The Fiercely-independent artist has built his career into superstar status with albums just like the aptly-titled “Changed The Game.”

It used to be difficult to be an independent artist in the country music world, especially true if you wanted any kind of radio airplay. Over the past decade or so, there has been a sea change in the genre with independent artists breaking out in large ways and Cody Jinks has been one of the independents leading the charge with great albums like Lifer, Mercy and The Adobe Sessions helping to build his case and create a wake in which the likes of Zach Bryan, Koe Wetzel and Ashley McBryde all have followed through. Throughout all of this, Cody Jinks has made some of country music’s best records and Change The Game is no different. The record blends his influences of Outlaw-era country and heavy metal into an intoxicating blend of traditional country rock.

“Take This Bottle,” a duet with Pearl Aday, is a brilliant duet (of the classic Faith No More song) about the dangers of addiction and how it affects our abilities to overcome it. The title track, a rollicking longtime life show favorite and in that independent Texas Country way, he sings about everything talked about in the first paragraph above. He really has changed “the game” of country music. He built what he has one show and song at a time. That independence as allowed Cody Jinks to sing about topics that aren’t always discussed — at least traditionally — in country music and he sings about his life on the brilliant opening track “Sober Thing,” a song which is one of the best he’s ever released.

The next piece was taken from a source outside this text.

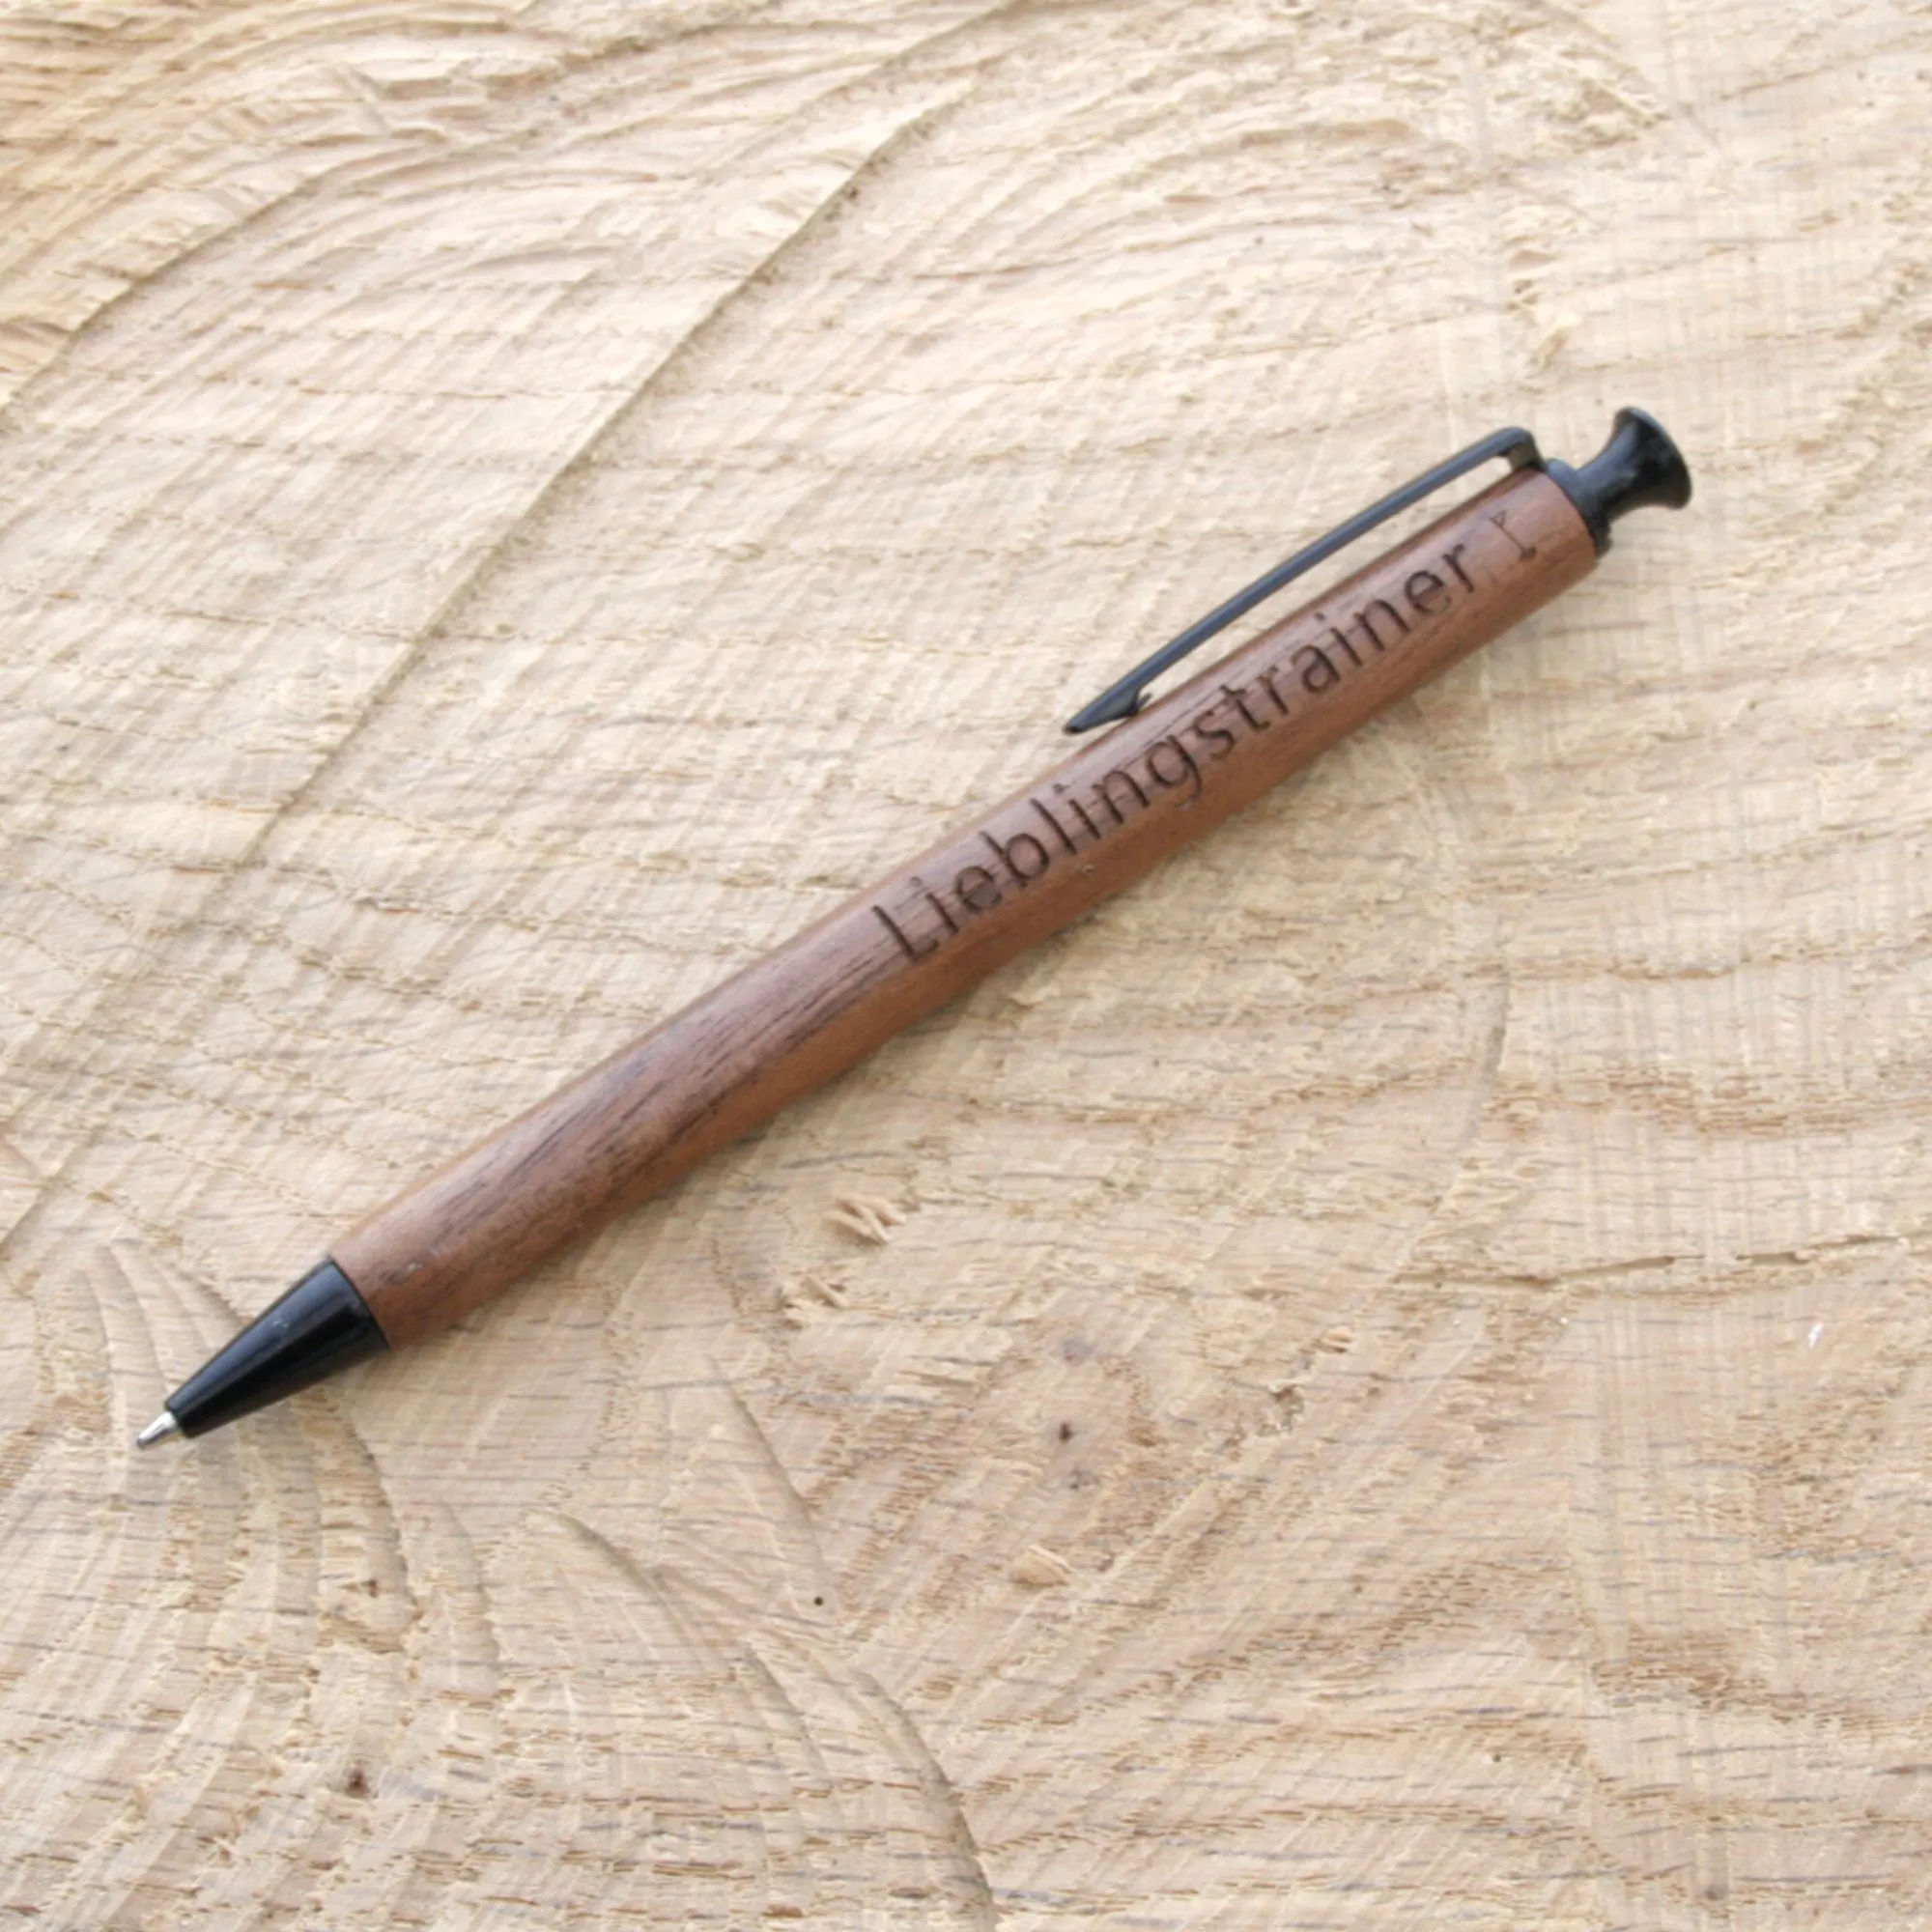 Kugelschreiber aus Nussbaumholz mit Namen oder Logo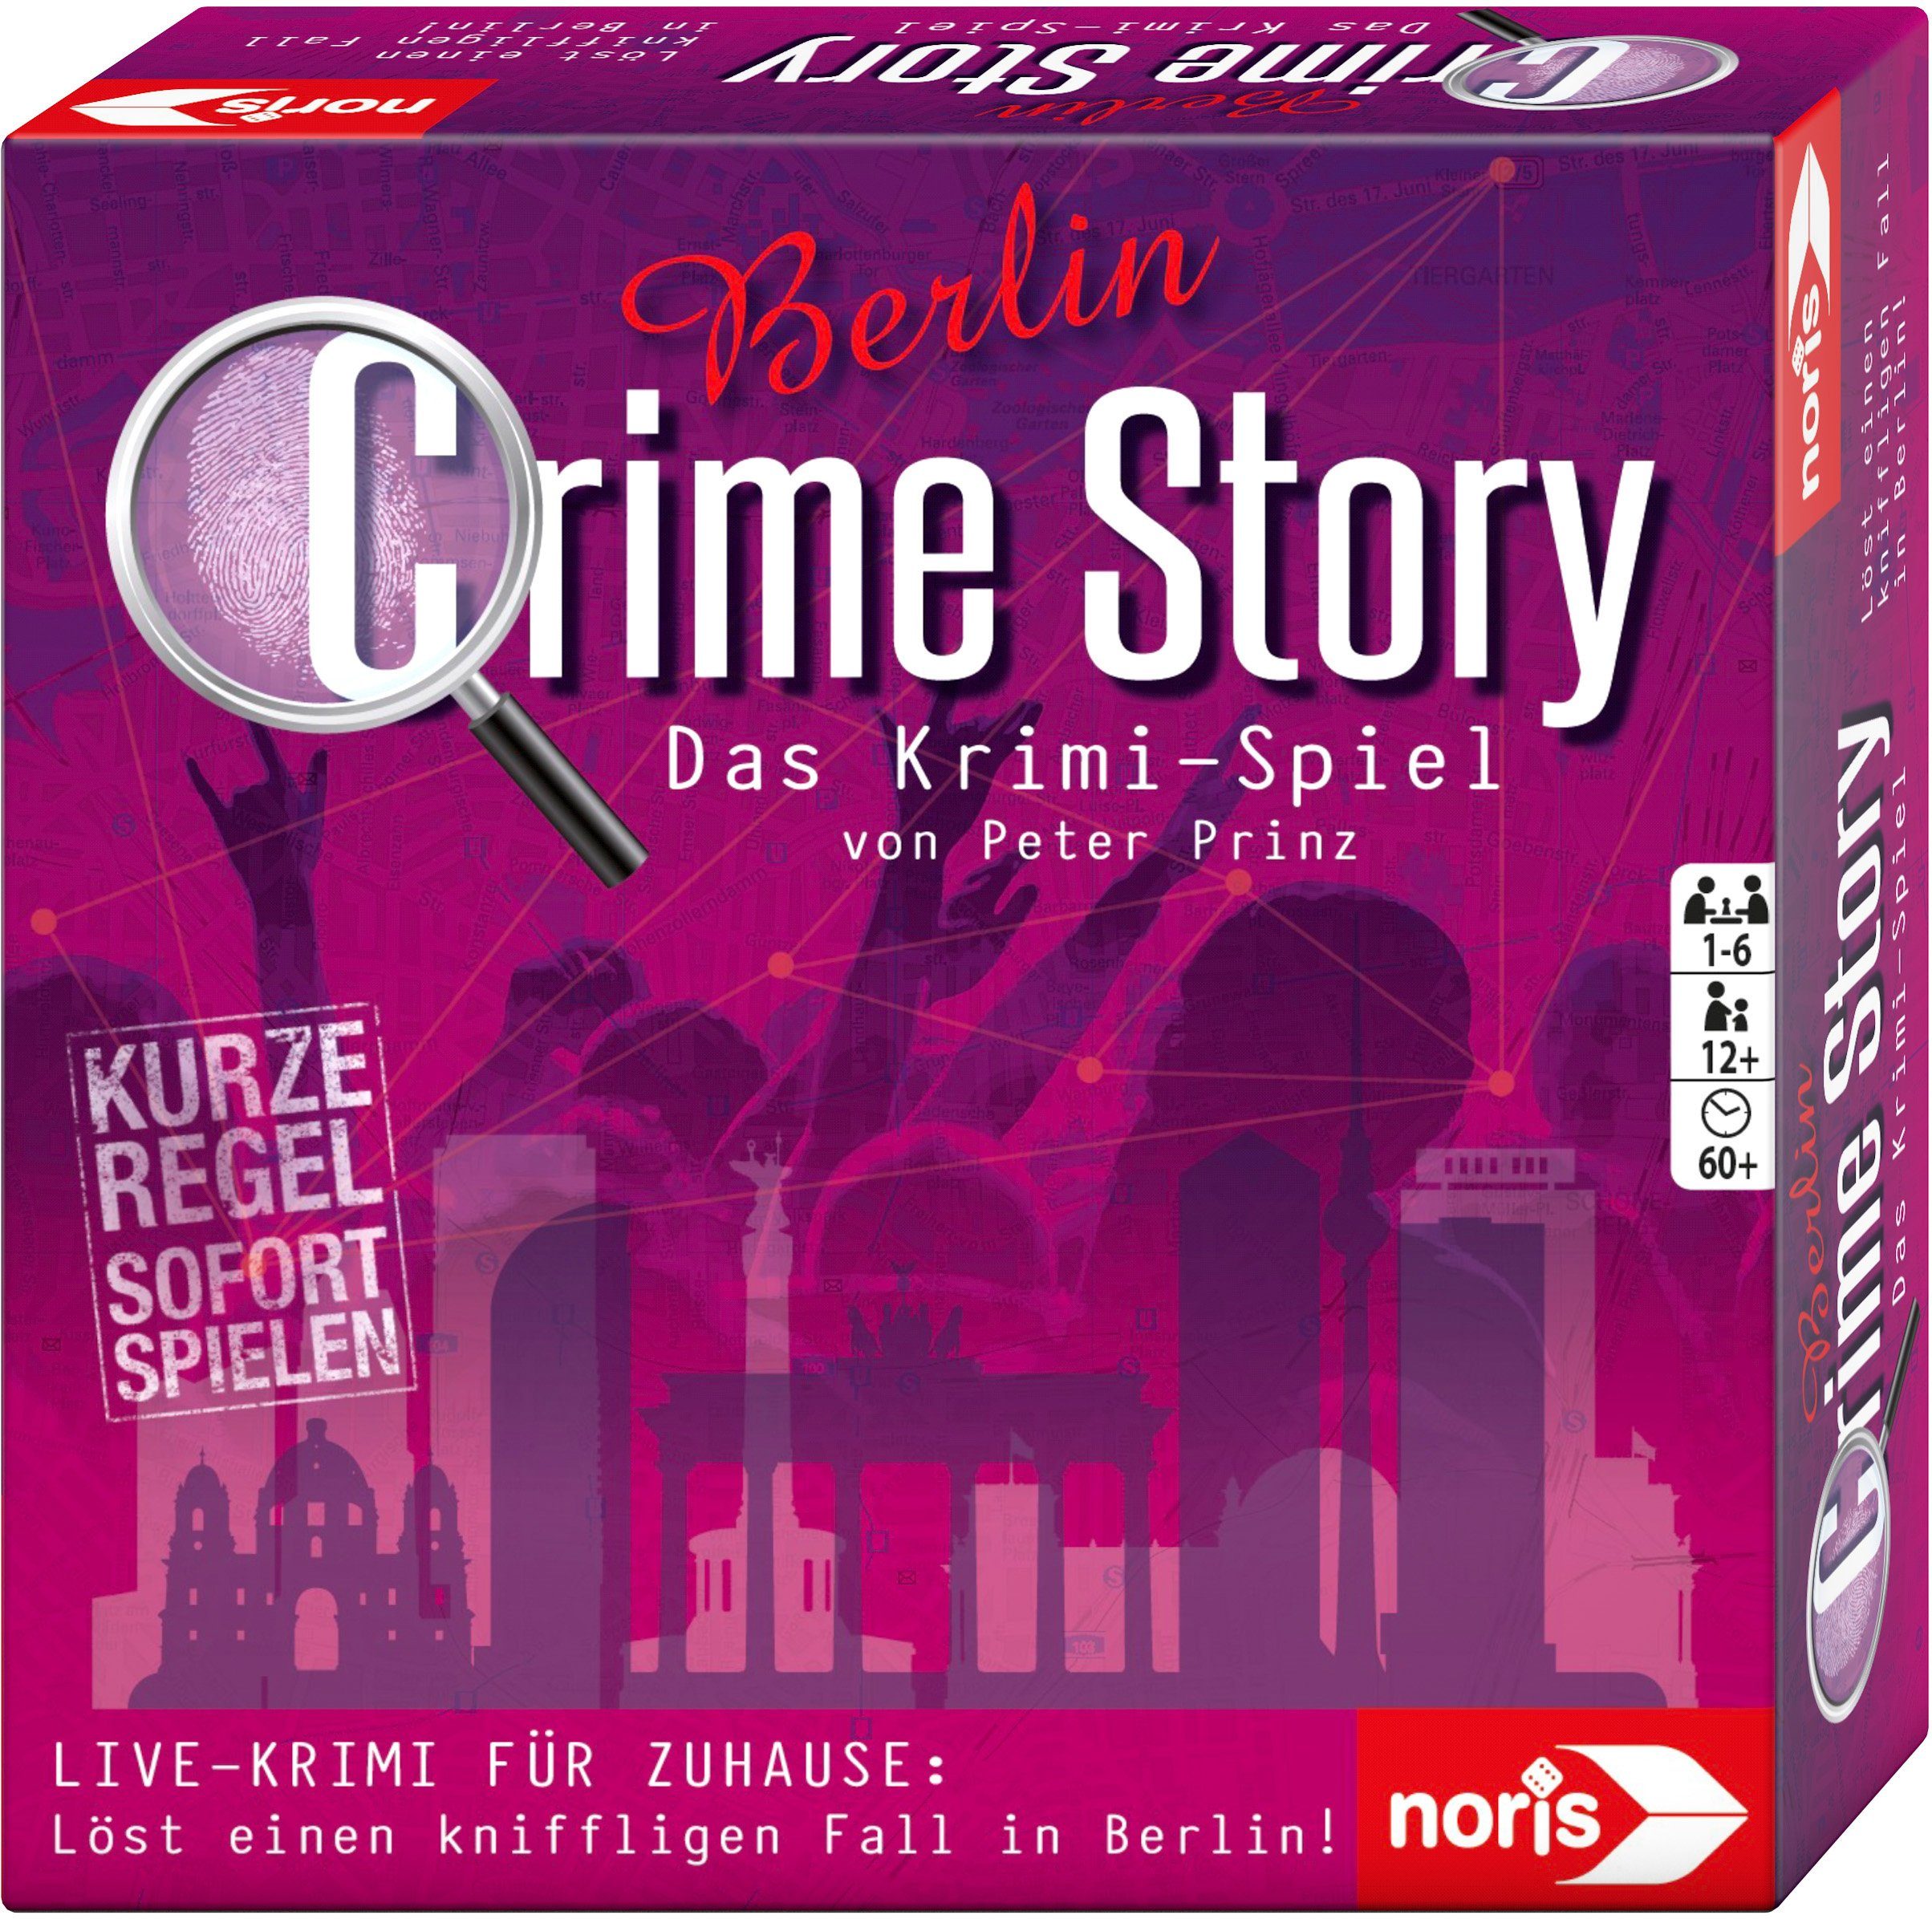 Spiel, Story Made Berlin, Germany Crime - in Noris

“A Few More Ghosts” is a groove-filled rumination about overthinking things while “The Working Man” is an ode to a blue collar way of life and how the ethos of such a life don’t change, even if the work does. It’s a great country song with stellar instrumental breaks and a classic country spirit (you might even think it’s a long-lost Willie Nelson song — it isn’t). “Wasted” confronts all the bad ways someone can let their life flitter away without thought to what they’re really doing with it.

“I Can’t Complain” is a phrase I say all the time and it’s an ethos I have in life. No matter where it goes, I don’t want to complain. Keep a positive outlook. That’s sort of what this song is about here, as Cody sings about a relationship and his own similar outlook on life with it. This kind of viewpoint, along with his warts and all approach to songwriting and everything Cody Jinks does. He did Change The Game, indeed, both in his career and that of the country music world at large with each new album he releases.